Do not be deceived. The MB is itself a Salafist organization. Salafism is a retro-refom movement that seeks to return Muslims to what as seen as the pure Islam of the founding generations (the Salafiyyah — the “righteous companions” of Mohammed). MB founder Hassan al-Banna was a Salafist. So was Sayyid Qutb — the most important MB theorist of the second half of the 20th Century. So is the MB’s leading sharia jurist in modern times, Sheikh Yusuf Qaradawi (despite efforts by his delusional Western fans to portray him as a modernizing reformer). The difference between MB Salafists and more extreme Salafists (like the difference between the MB and al Qaeda) is much more about methodology than ideology). It is akin to the difference between Saul Alinksy organizers and the New Left radicals of the 60s and 70s. The MB has always believed in working with (and penetrating) government, and boring into society’s institutions, in order to Islamize society gradually. More extreme Salafists reject secular society and refuse to interact with its government — on the theory that such interaction corrupts them while legitimizing the secular government. But the goal of both sides is precisely the same: to install sharia law as the foundation for Islamizing the society.

To quote Dana Carvey's Church Lady "Well isn't that special". Many people, including some of our writers and commenters, have been dead on in worrying this would happen. The most organized and motivated people in most of the Arab Springing countries have been the religionists.This has been evident in the propaganda and get out the vote efforts they have made during the run up to these elections. I held out some hope that less virulent elements might prevail, but it looks like I was wrong. So now what happens?

It appears that we will now see some sharia-based Islamist regimes installed and that means some good old-fashioned religious oppression. I think the Islamists may overestimate the number of people who really welcome a return to the 12th Century. Right now many in Egypt are voting for any sort of order and the Muslim Brothers are definitely organized as I said. But I wonder whether they will relish the re-backwardization policies that will be instituted? If they follow the road mao, we could see the MB blowing up the Sphinx for the same reasons the Taliban blew up the giant Buddhas in Afghanistan. There are a grand total of zero prosperous Islamist countries that do not derive their prosperity solely from pumping dead dinosaurs out of the ground, so how will this religious paradise function?

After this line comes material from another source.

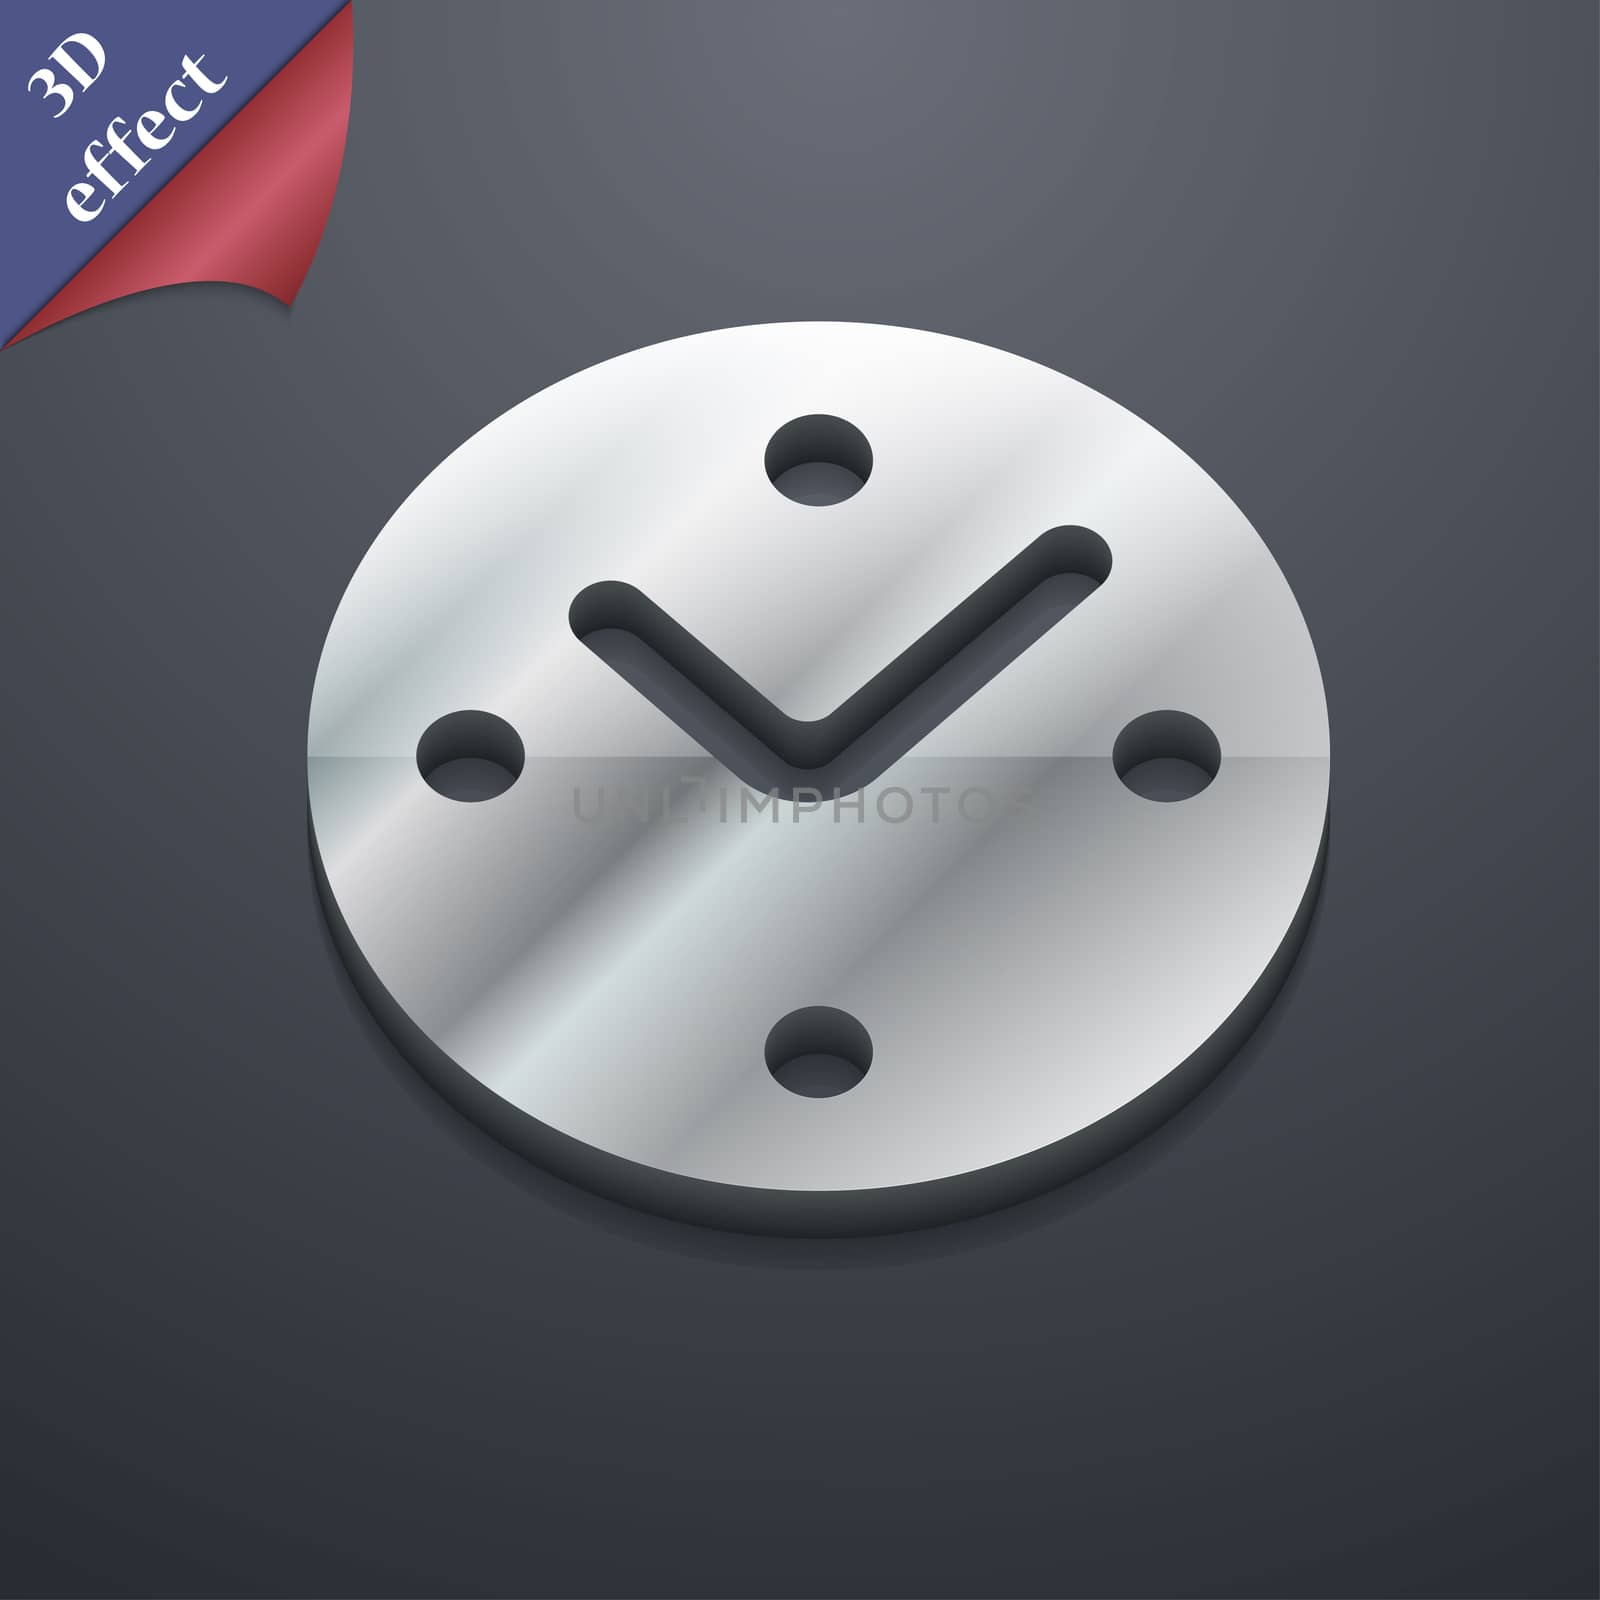 Mechanical Clock icon symbol. 3D style. Trendy, modern design with space for your text illustration. Rastrized copy

As an aggravating factor you can add the usual Jooooooo hatred. Egypt has previously kept the border with the Gaza Strip and its terror-loving Hamas closed. It seems likely that this will soon be a terror trail and that all manner of bad actions will recommence. The Egyptian Army has a more secular makeup, annd has historically acted as a brake on the more radical elements. But what about now if the radicals actually hold the reins of power? Will they replace the secularists with their own generals a la Turkey?

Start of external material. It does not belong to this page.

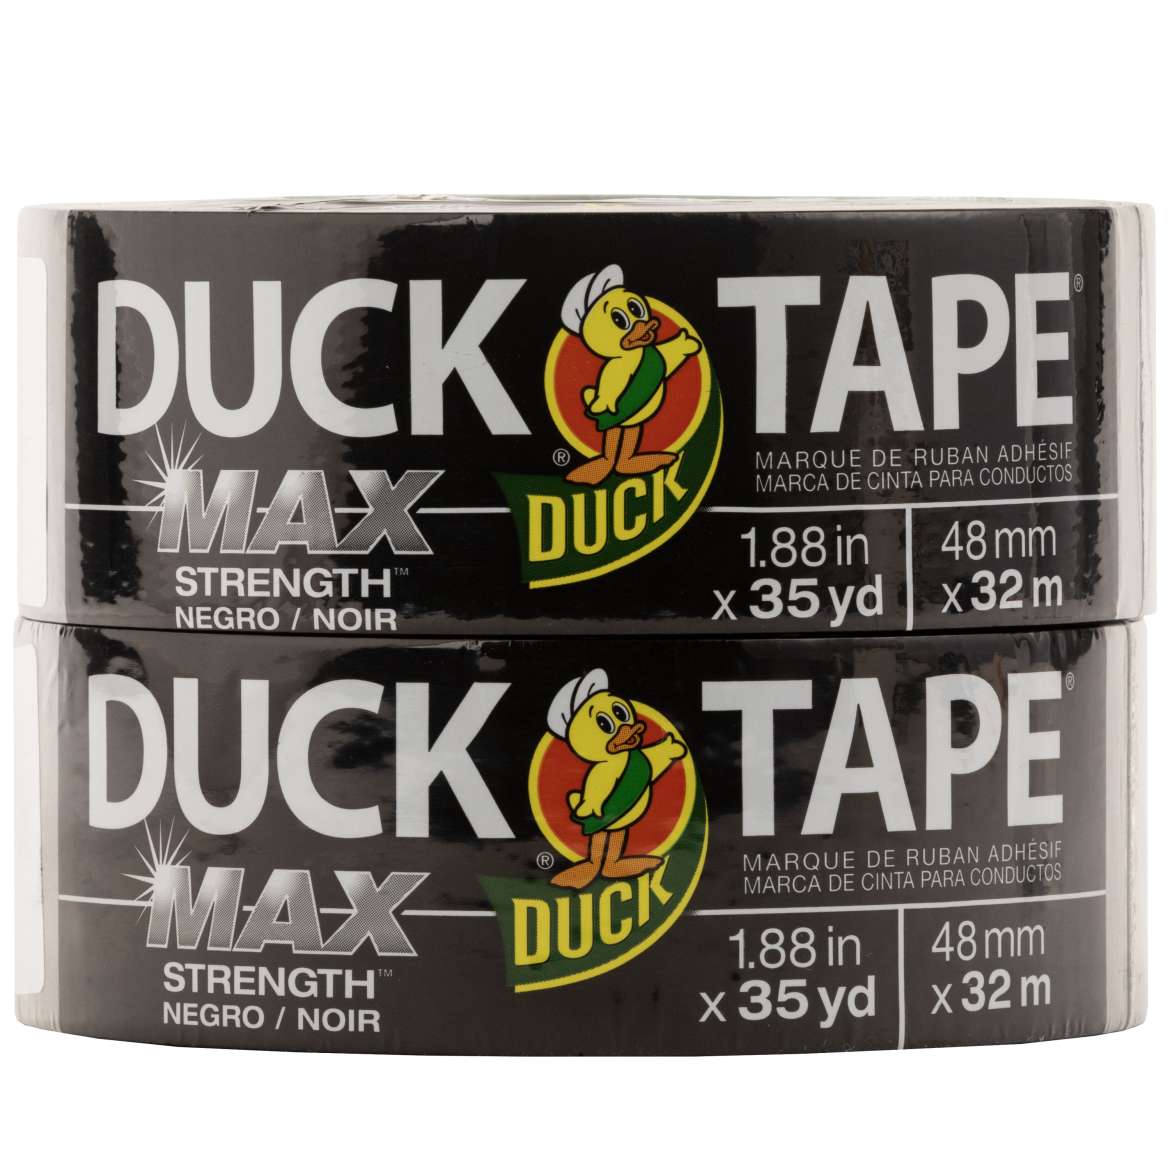 Duck Max Strength® Duct Tape Image

Here is the question I will pose. Islamists have significant support, they either needed to be ruthlessly beaten down and placed under a boot by some sort of military-backed tyrant or they can take power via elections. Would you prefer to have to manage a Mubarak-like figure and be seen as the power behind the oppressor, or to stand back, give them some rope and see if they will hang themselves? They may even attack Israel again and get their asses handed to them....again.

I don't see that we had any real chance to avoid seeing this play out without becoming the global imperialists we are often accused of being. So I prefer my enemies out in public, doing stupid oppressive things and hopefully stepping over any number of lines that can earn them some pain. Maybe at the ballot box once their people realize that Islamist submission equals an even crappier life, or on the field of battle where they can show again that Arab military competence remains an oxymoron. Either way this was gonna happen. Now laissez the unintended consequences rouler.